Obwohl ich das nicht möchte, wird er mir zunehmend sympathischer. Er ist jetzt so ganz anders als zu Beginn. Mein Verstand sagt mir zwar immer noch, dass ich ihm nicht vertrauen soll und dass etwas nicht mit ihm stimmt, aber mein Herz beginnt, ganz anders zu denken, unterstützt von dem Schwarm Schmetterlinge in meiner Magengrube.
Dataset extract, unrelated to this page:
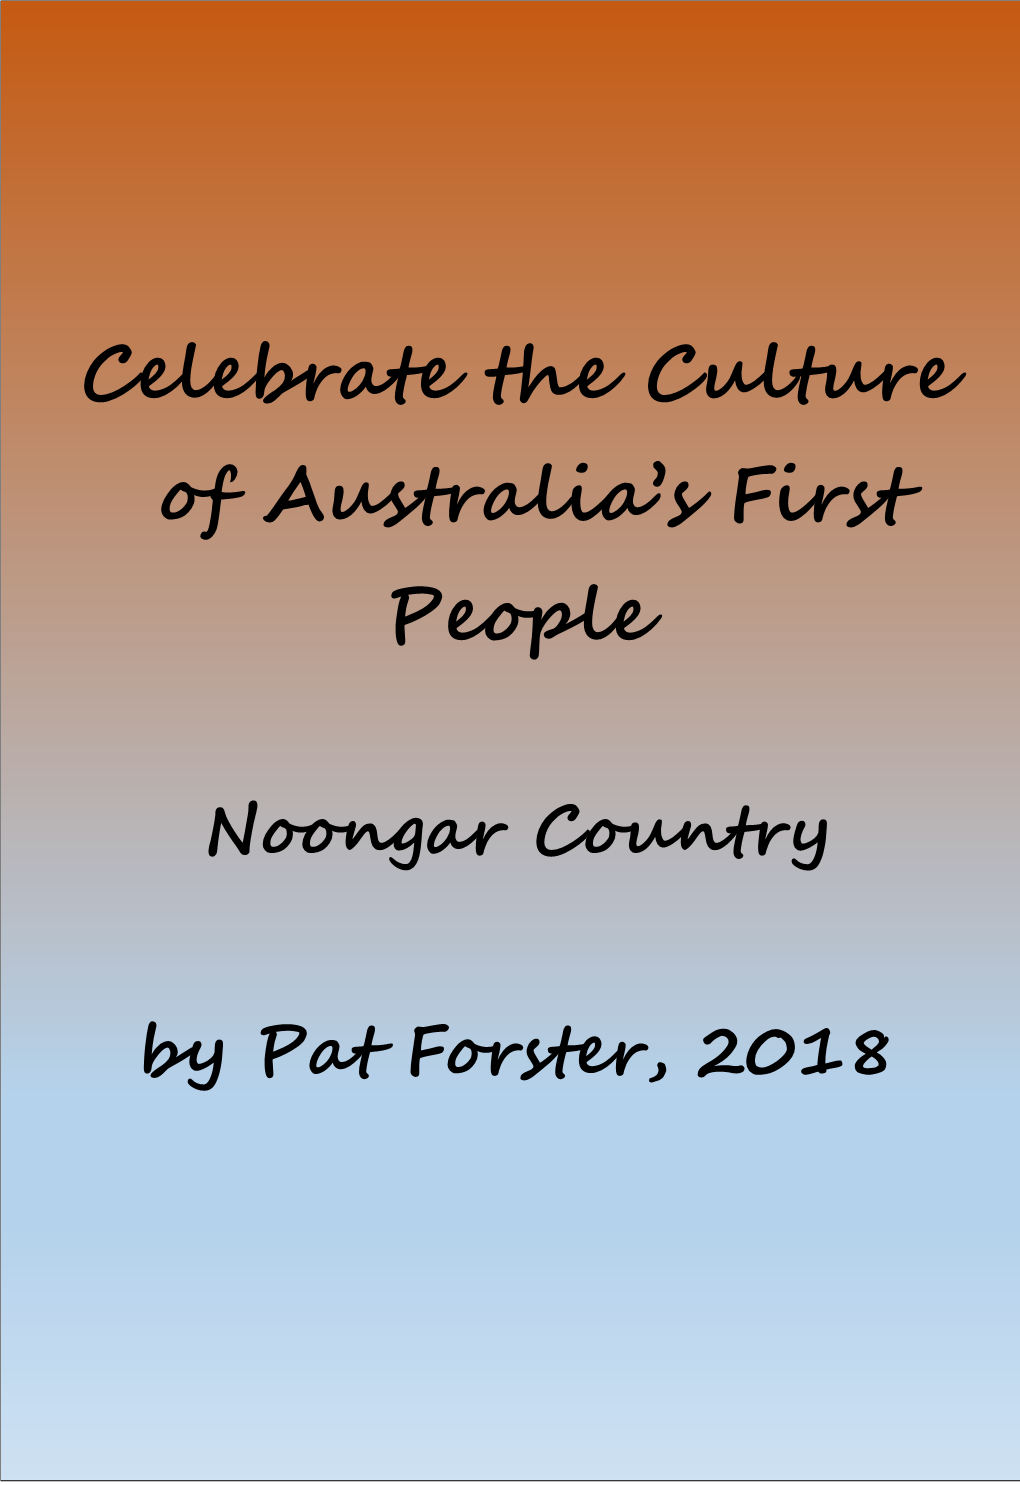 Celebrate the Culture of Australia's First People

Ja, ich beginne mich, so unglaublich es auch klingt, in ihn zu verlieben. Das wird mir in diesem Augenblick bewusst und schlagartig wird mir heiß und kalt, gleichzeitig. Eine Panikattacke versucht, in mir aufzusteigen. Hastig rutsche ich von meinem Hocker. „Ich muss los!“
„Jetzt schon?“
„Mein Bus! Ich verpass’ sonst meinen Bus“, stottere ich, schnappe meine Handtasche und stürze zur Tür raus. Auf der Treppe höre ich Lars rufen: „Warte …“
„Sorry, ich muss los!“
Dann bin auch schon unten. Die kühle Nachtluft schlägt mir entgegen. Orientierungslos laufe ich nach rechts die Straße entlang, auf der Suche nach einer Bushaltestelle. Ich kann nicht klar denken. Eine Ewigkeit vergeht, bis endlich das vertraute Haltestellenzeichen vor mir auftaucht. Im Bushäuschen setze ich mich auf einen Gittersitz und atme mehrere Male tief durch. Erst jetzt merke ich, wie kalt es ist und dass ich meine Strickjacke bei Lars vergessen habe. So ein Mist! Nach und nach komme ich zu mir. Mein Verstand schaltet sich ein, und mir fällt ein, dass ich mit dem Fahrrad zu Lars gefahren bin. Doppelter Mist!